Before: Richard F. O’Hair, Administrative Judge
Pacific Travel Trade School (Respondent), a proprietary institution of higher education, was a participant in the various student financial assistance programs authorized under Title IV of the Higher Education Act of 1965, as amended (Title IV). 20 U.S.C. § 1070 et seq. and 42 U.S.C. § 2751 et seq. These programs are administered by the Office of Student Financial Assistance Programs (SFAP), U.S. Department of Education (ED). On August 9, 2000, SFAP issued a Final Audit Determination Letter (FAD) in which it sought the return of $7,467,693 in federal funds from Respondent because of alleged regulatory violations of its administration of its student financial assistance programs. Respondent appealed the audit determination. In response to my Order Governing Proceedings, Respondent filed a motion requesting an evidentiary hearing. After oral argument was heard on this issue, Respondent’s motion was denied by order dated February 5, 2001. Thereafter, Respondent and SFAP filed briefs and presented oral argument which support their respective positions.
In June 1999 ED’s Office of the Inspector General (IG) issued an Audit Report following its examination of Respondent’s compliance audits for the fiscal years ending December 31, 1995, December 31, 1996, and December 31, 1997. 34 CFR § 600.5(a)(8). This report concluded that Respondent violated applicable federal regulations by failing to meet the 85 Percent Rule by not deriving at least 15 percent of its revenue from non-Title IV sources for the years ending on December 31, 1996, and 1997. As a result of this finding, the IG determined that Respondent lost its eligibility to participate in the Title IV programs as of January 1, 1997. The IG transmitted its report to SFAP and that office expanded its evaluation of Respondent’s audits to include Fiscal Year 1998, which began on January 1, 1998. SFAP agreed with the IG’s findings and further found that Respondent also failed to meet the 90 Percent Rule (a prospective modification of the 85 Percent Rule) for Fiscal Year 1998. SFAP issued the FAD which alleged that because Respondent violated the 85 Percent Rule in Fiscal Years 1996 and 1997, and the 90 Percent Rule for Fiscal Year 1998, it lost its eligibility to participate in Title IV funds beginning January 1, 1997. This finding required Respondent to reimburse ED in the amount of $7,467,693, all Title IV funds disbursed from January 1, 1997, through the end of Fiscal Year 1998.

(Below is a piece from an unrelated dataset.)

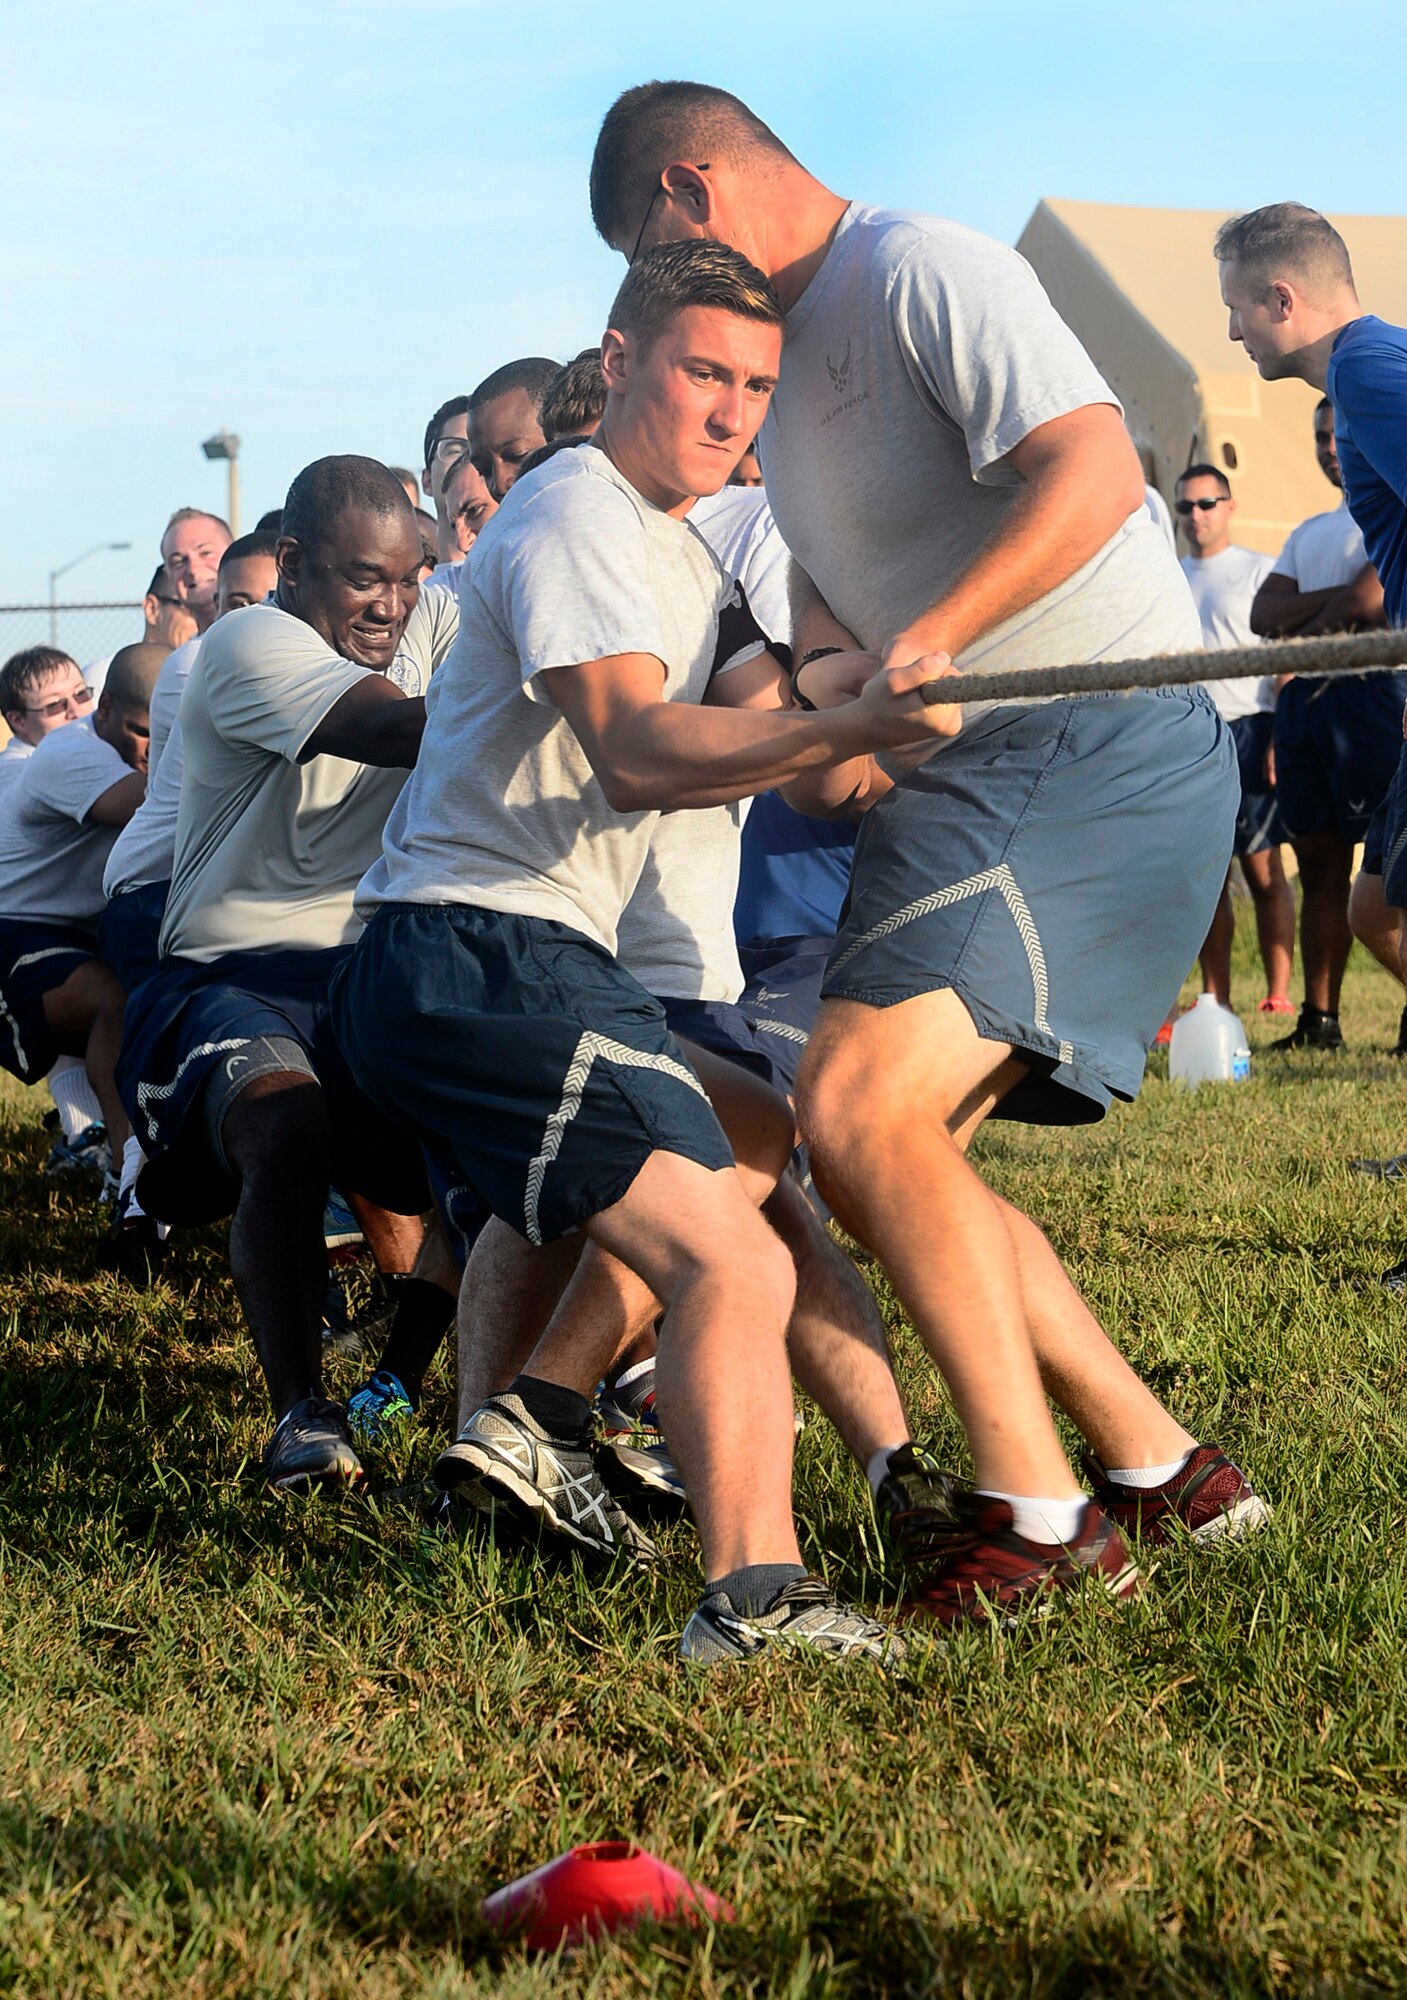 Members from the 6th Air Mobility Wing participate in Wingman Day at MacDill Air Force Base, Fla., Sept. 26, 2016. Wingman Day focused on the four pillars of Comprehensive Airman Fitness, which includes physical, mental, spiritual, and social pillars of health. (U.S. Air Force photo by Senior Airman Tori Schultz)

The 85 Percent Rule in effect during 1996 and 1997 provides that in order to meet the definition of an eligible institution under the 1992 Reauthorization of the Higher Education Act, a proprietary institution must generate “at least 15 percent of its revenues from sources that are not derived from funds provided under this title (Title IV), as determined in accordance with regulation prescribed by the Secretary.” Title IV, §481(b)(6); 20 U.S.C. § 1002(b)(1)(F). The applicable regulation, found at 34 CFR § 600.5(a)(8), requires an institution annually to categorize its revenue and place it into a fraction. The numerator of the fraction contains all Title IV funds which the institution received and used to satisfy tuition, fees and other institutional charges to students. The denominator contains the sum of revenues generated by the institution from tuition, fees, other institutional charges for students enrolled in eligible programs, and activities conducted by the institution to the extent not included in tuition, fees, and charges. 34 CFR § 600.5(d)(1). Amounts charged and received for books, supplies, and equipment are not considered to be institutional charges and are not included in either the numerator or denominator. 34 CFR § 600.5(d)(2)(iv). If the resulting fraction is greater than 85 percent, or 90 percent as applicable, for the year, the institution becomes ineligible for Title IV funds for at least the next fiscal year. 34 CFR § 600.5(g).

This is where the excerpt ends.